Üniversitenin Bilimsel Araştırmalar Projesi (BAP) Komisyonu tarafından desteklenen proje, Edebiyat Fakültesi öğretim üyesi Yrd. Doç. Dr. İdris Nebi Uysal’ın danışmanlığında Araştırma Görevlisi Hüseyin Aksoy tarafından gerçekleştirildi. 
Göçerliliklerinin sona erme ihtimalinin yüksek olması nedeniyle Sarıkeçili Yörüklerinin geleneksel yaşamlarını, halk edebiyatı ve halk bilgisi ürünlerini kayıt altına almak amacıyla hazırlanan proje yaklaşık iki yıl sürdü.

Proje; Mersin, Karaman ve Konya sınırlarında dolaşan göçer durumdaki 150 çadırlık Sarıkeçili Yörüklerinden belirlenen 17 çadırlık örneklem grubu üzerinden yapıldı. Araştırma verileri, Sarıkeçili Yörükleri arasında 60 gün boyunca yürütülen saha çalışması ile sağlandı. 

KMÜ’lü Araştırmacılar Yörüklerle Beraber Yaşadı 

Projeyi hayata geçiren Yrd. Doç. Dr. İdris Nebi Uysal ve Araştırma Görevlisi Hüseyin Aksoy KMÜ Basın Yayın ve Halkla İlişkiler Birimine araştırmanın detayları hakkında ayrıntılı bilgiler verdi.

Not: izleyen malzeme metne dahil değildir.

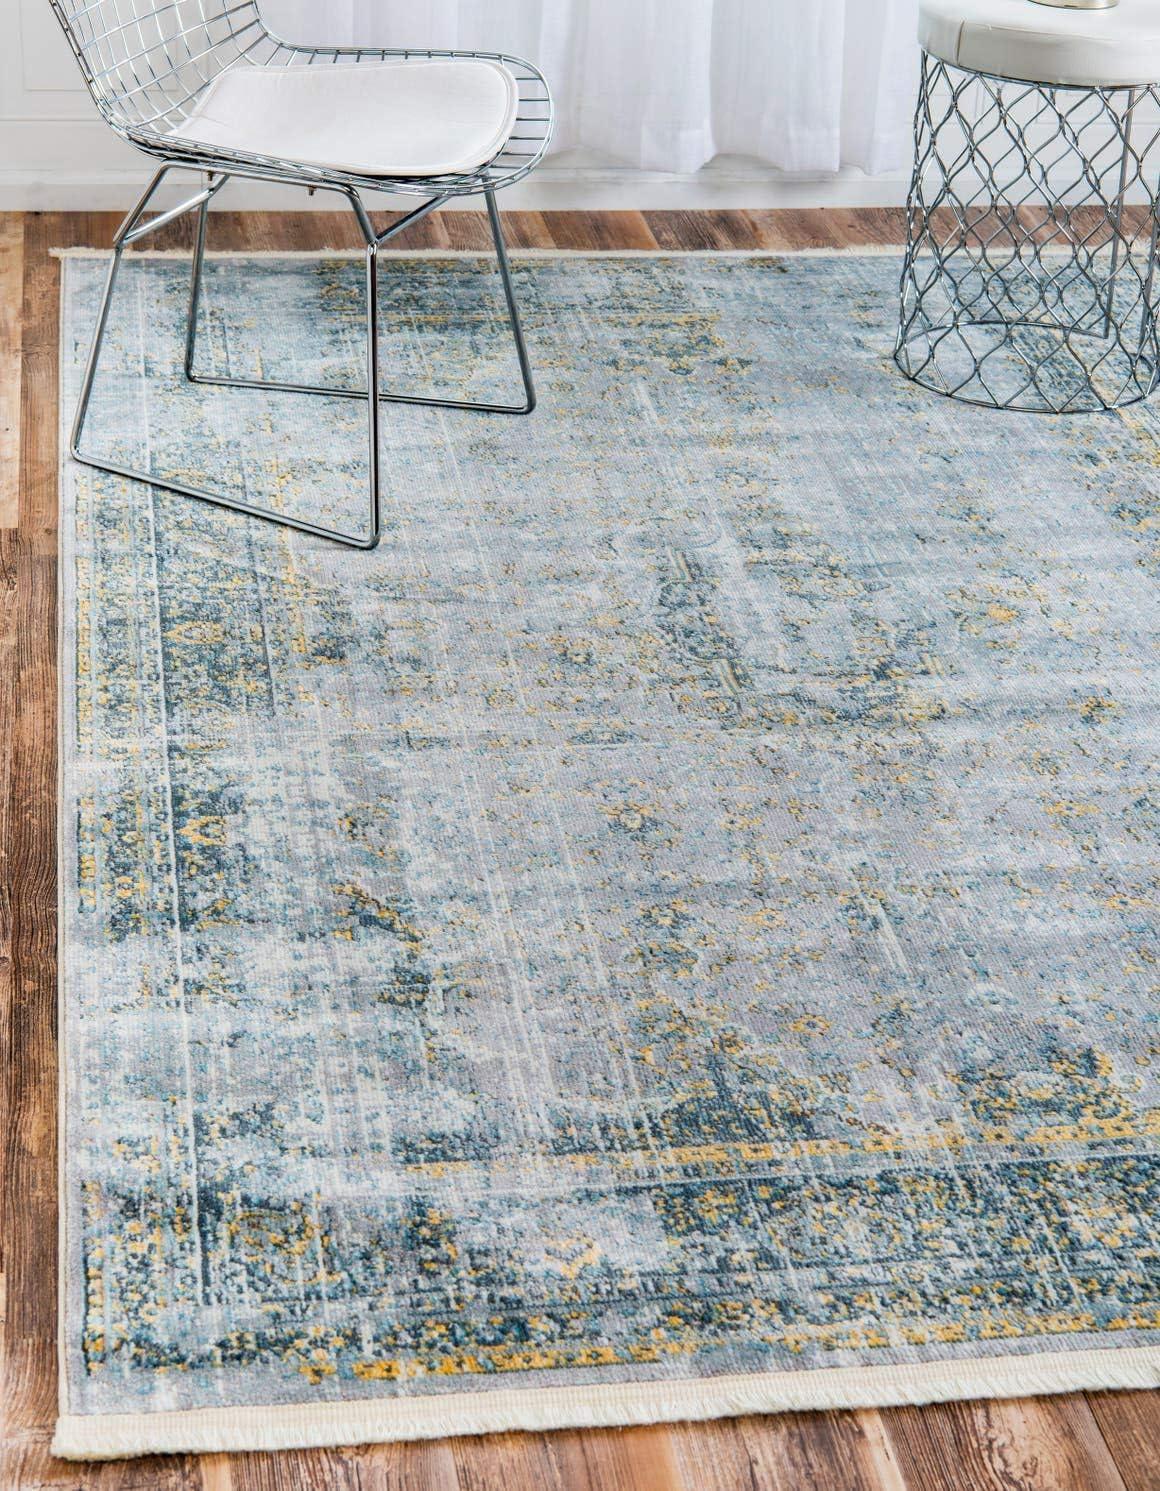 Unique Loom Baracoa Collection Bright Tones Vintage Traditional Gray Area Rug 8 4 x 10 0
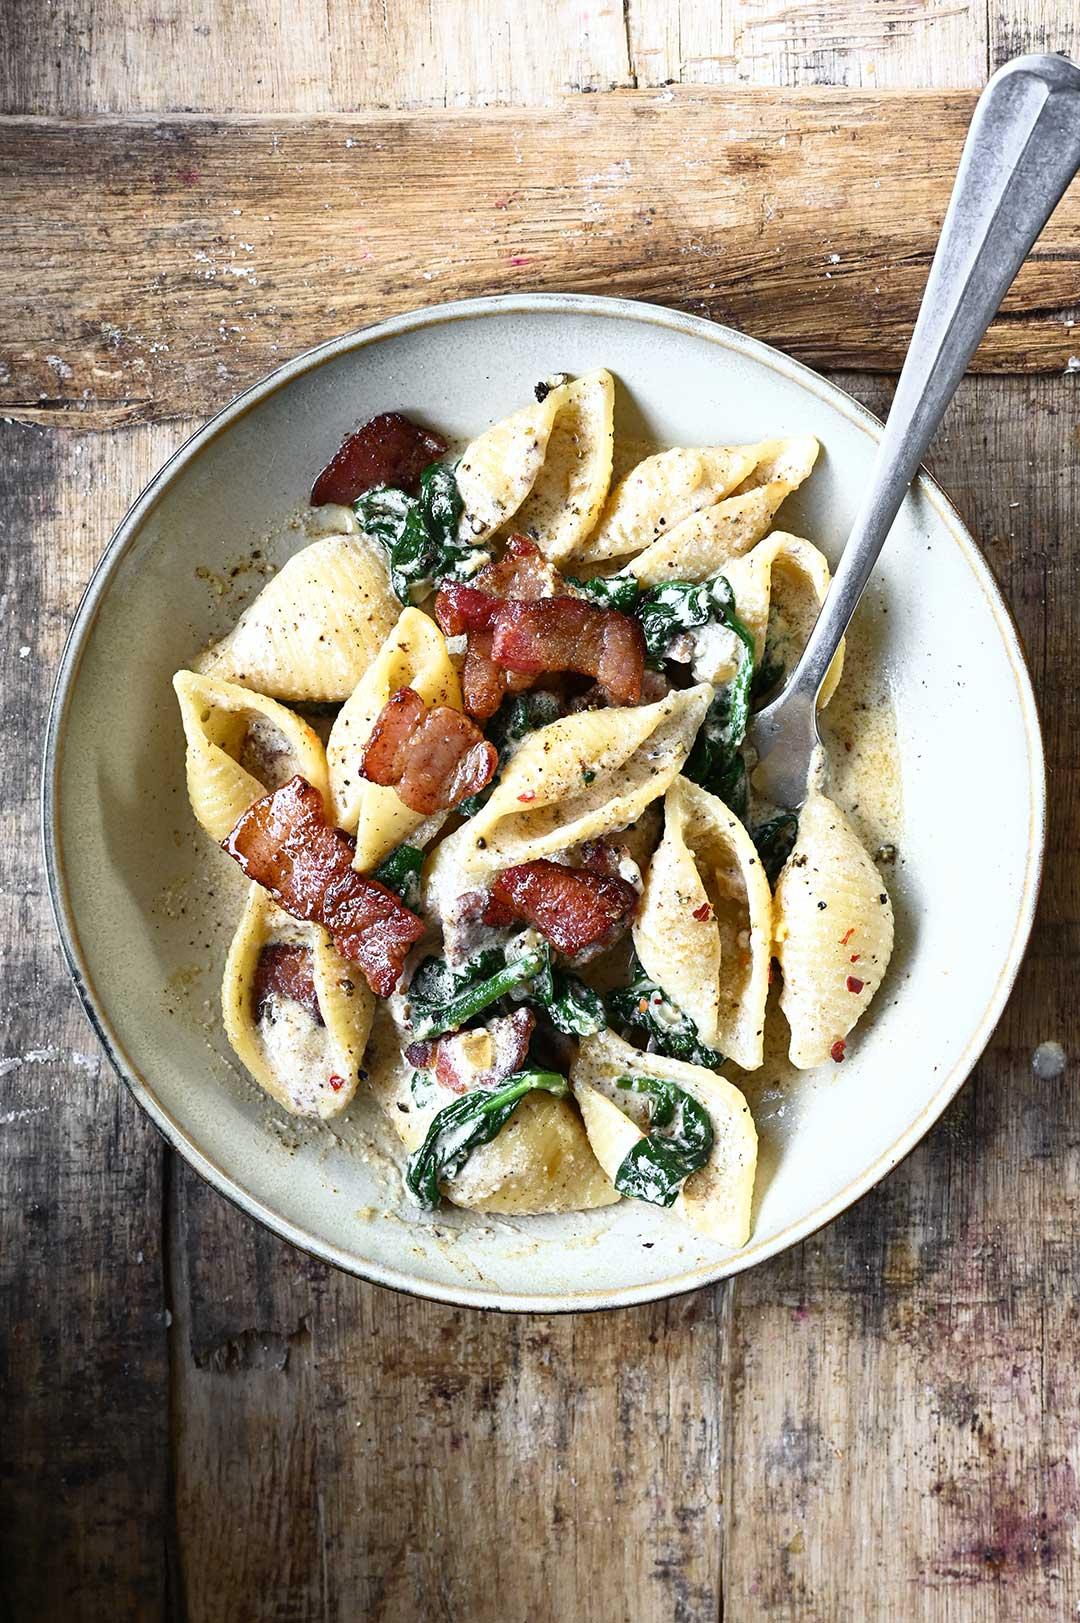 serving dumplings | Pasta met spinazie spekjes en ricotta

Yrd. Doç. Dr. İdris Nebi Uysal, Sarıkeçili Yörüklerinin Anadolu’da geleneksel göçer yaşamı devam ettiren son grup olduğunu belirterek, “Bu bakımdan sözü edilen topluluk hakkında yapılacak araştırmalar ayrı bir değere sahiptir.” şeklinde konuştu. Uysal, Sarıkeçililerin, günümüzde karşılaştıkları tüm zorluklara rağmen başka bir yaşam biçimine uyum sağlayacak bilgi, beceri ve ekonomiye sahip olmadığından bu geleneksel yaşamı sürdürmekte ısrarcı olduklarını sözlerine ekledi.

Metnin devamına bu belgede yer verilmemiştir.